Information supplied —

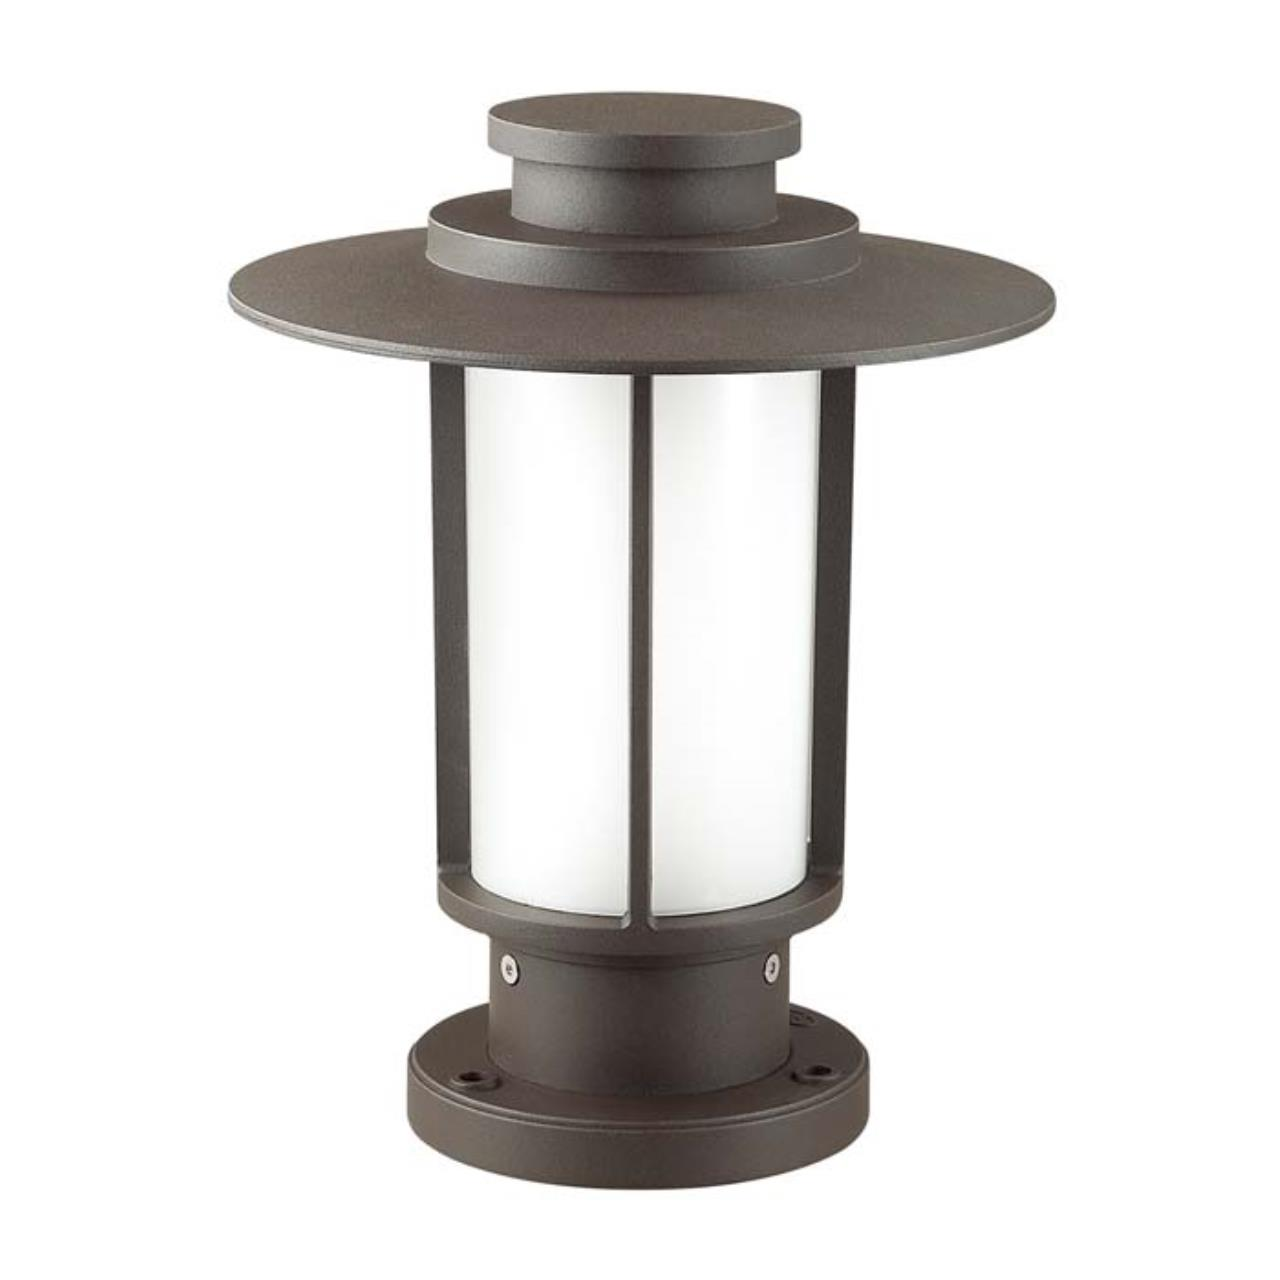 4047/1B NATURE ODL18 703 опал/темно-серый Уличный светильник на столб IP54 E27 18W 220V MITO
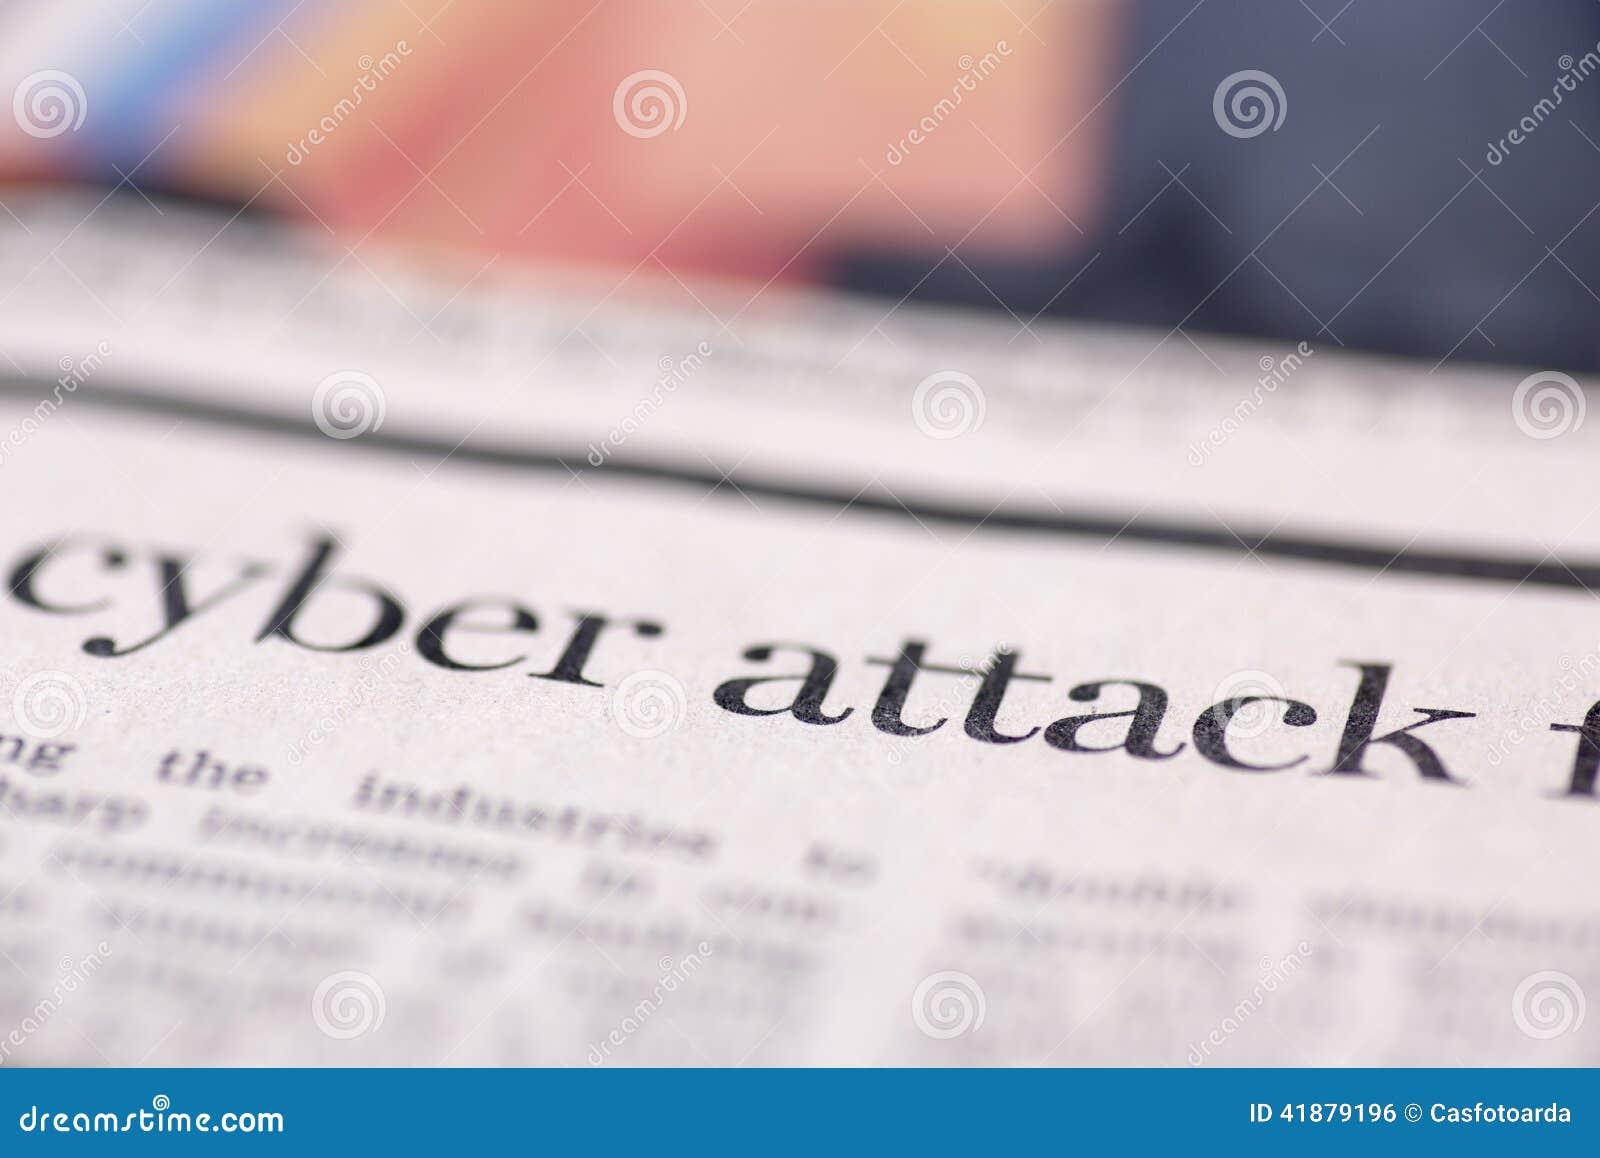 Periódico escrito ataque cibernético
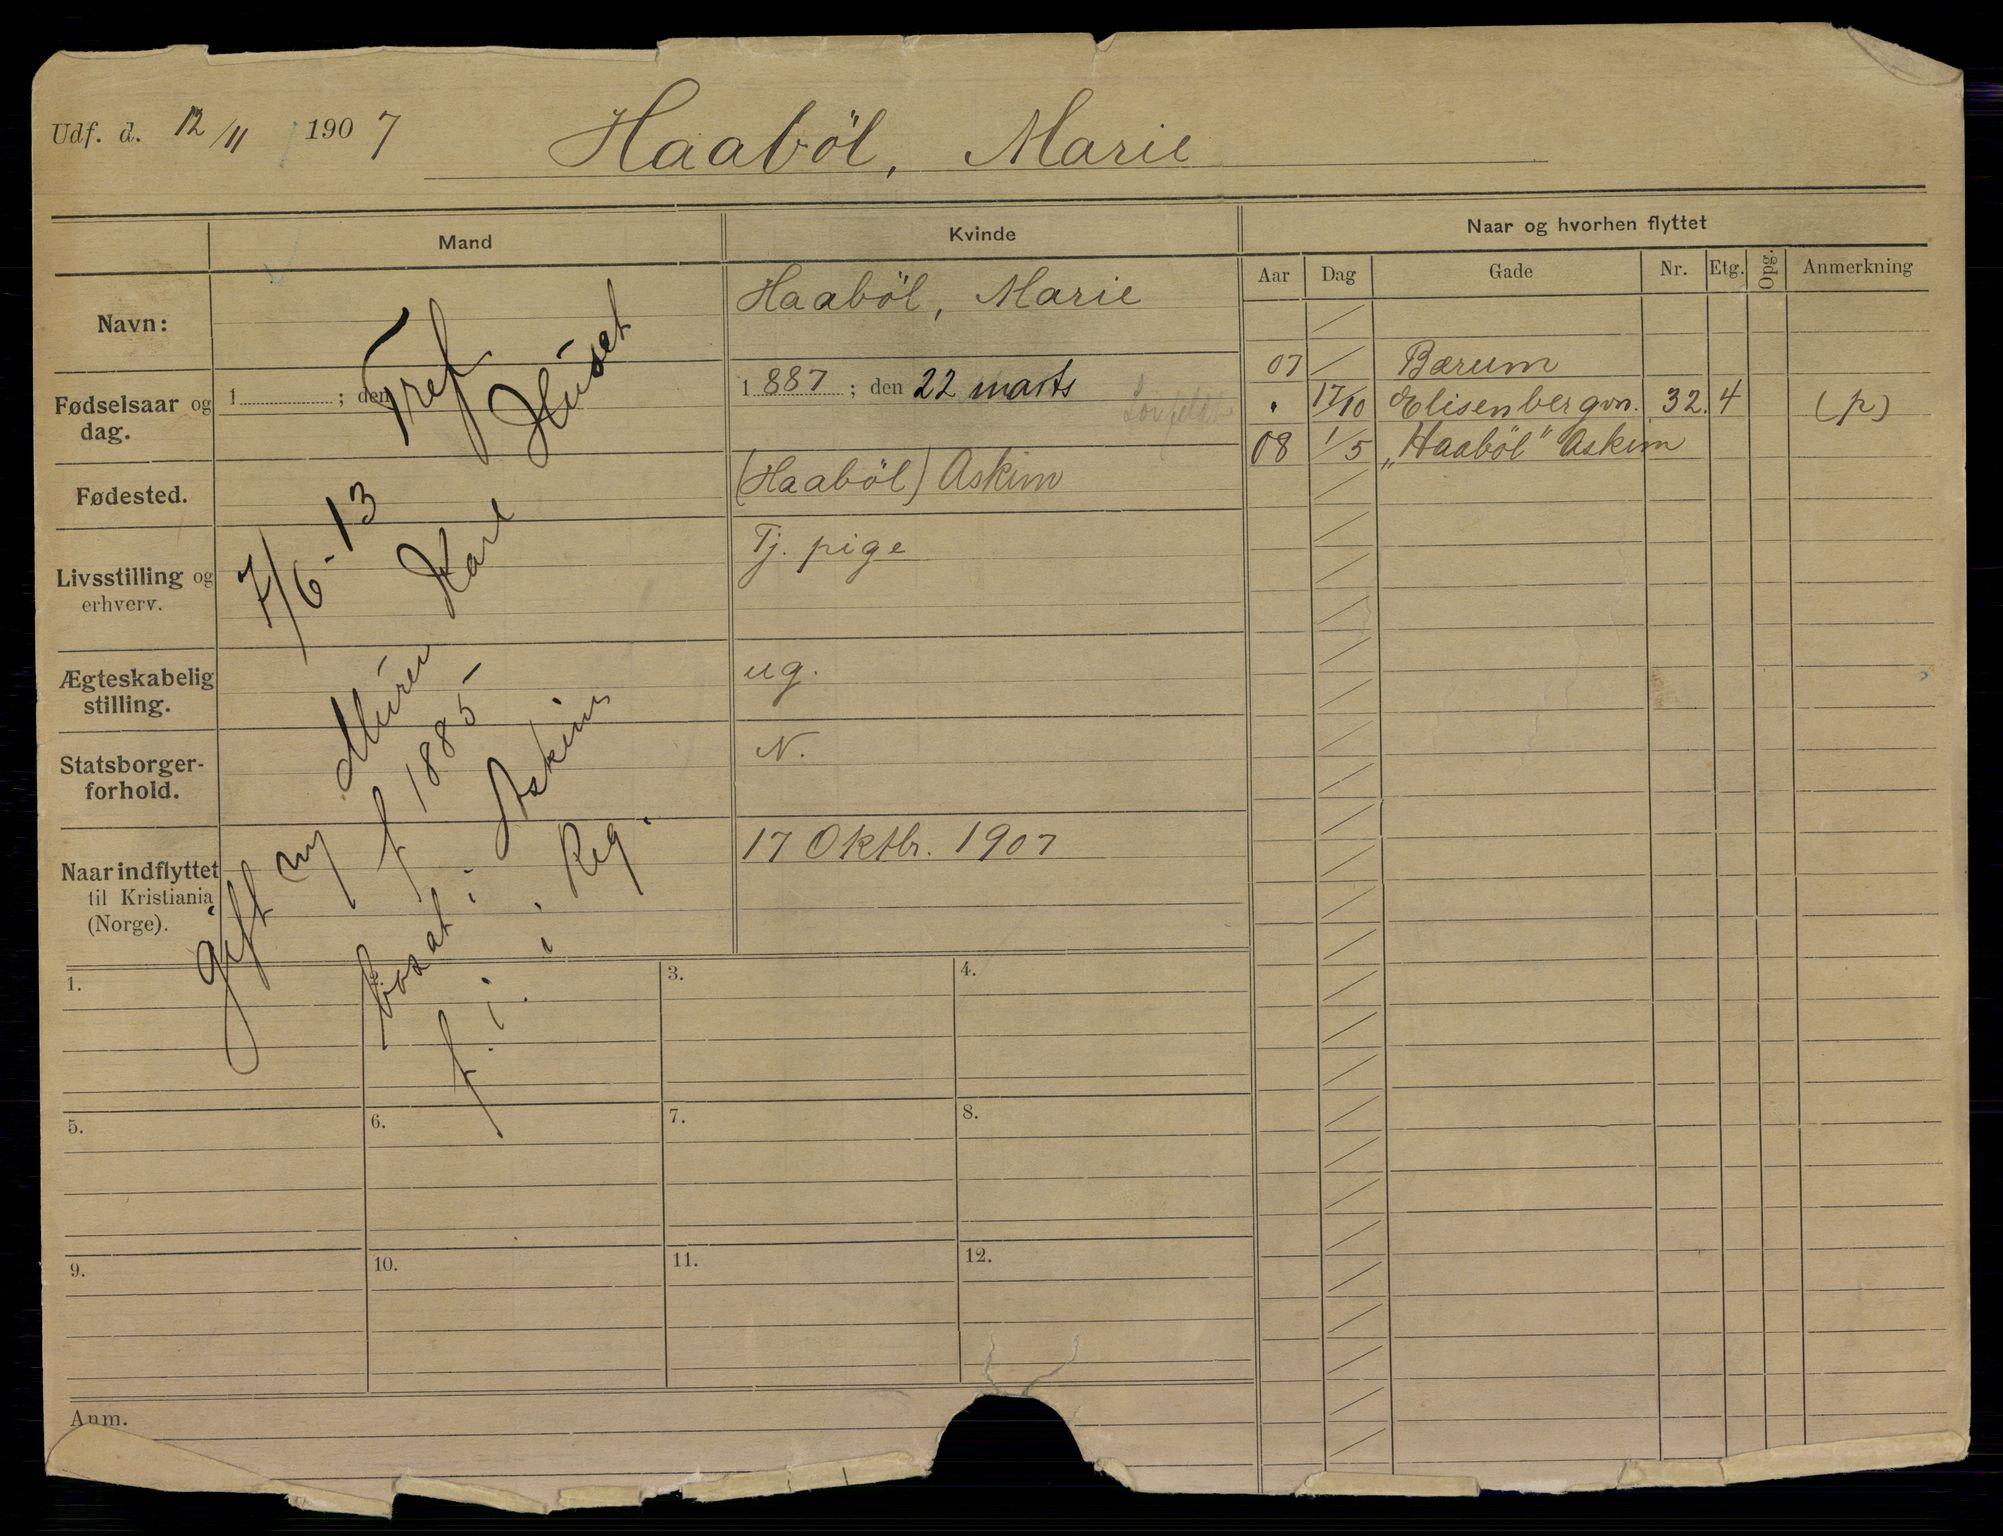 SAO, Oslo folkeregister, Registerkort, K/Kb/L0017: H - L, 1913

Try it —
Restate the material word for word; no picture should appear in the copy.

Response box —
 4047/1B NATURE ODL18 703 опал/темно-серый Уличный светильник на столб IP54 E27 18W 220V MITO
 Periódico escrito ataque cibernético
 SAO, Oslo folkeregister, Registerkort, K/Kb/L0017: H - L, 1913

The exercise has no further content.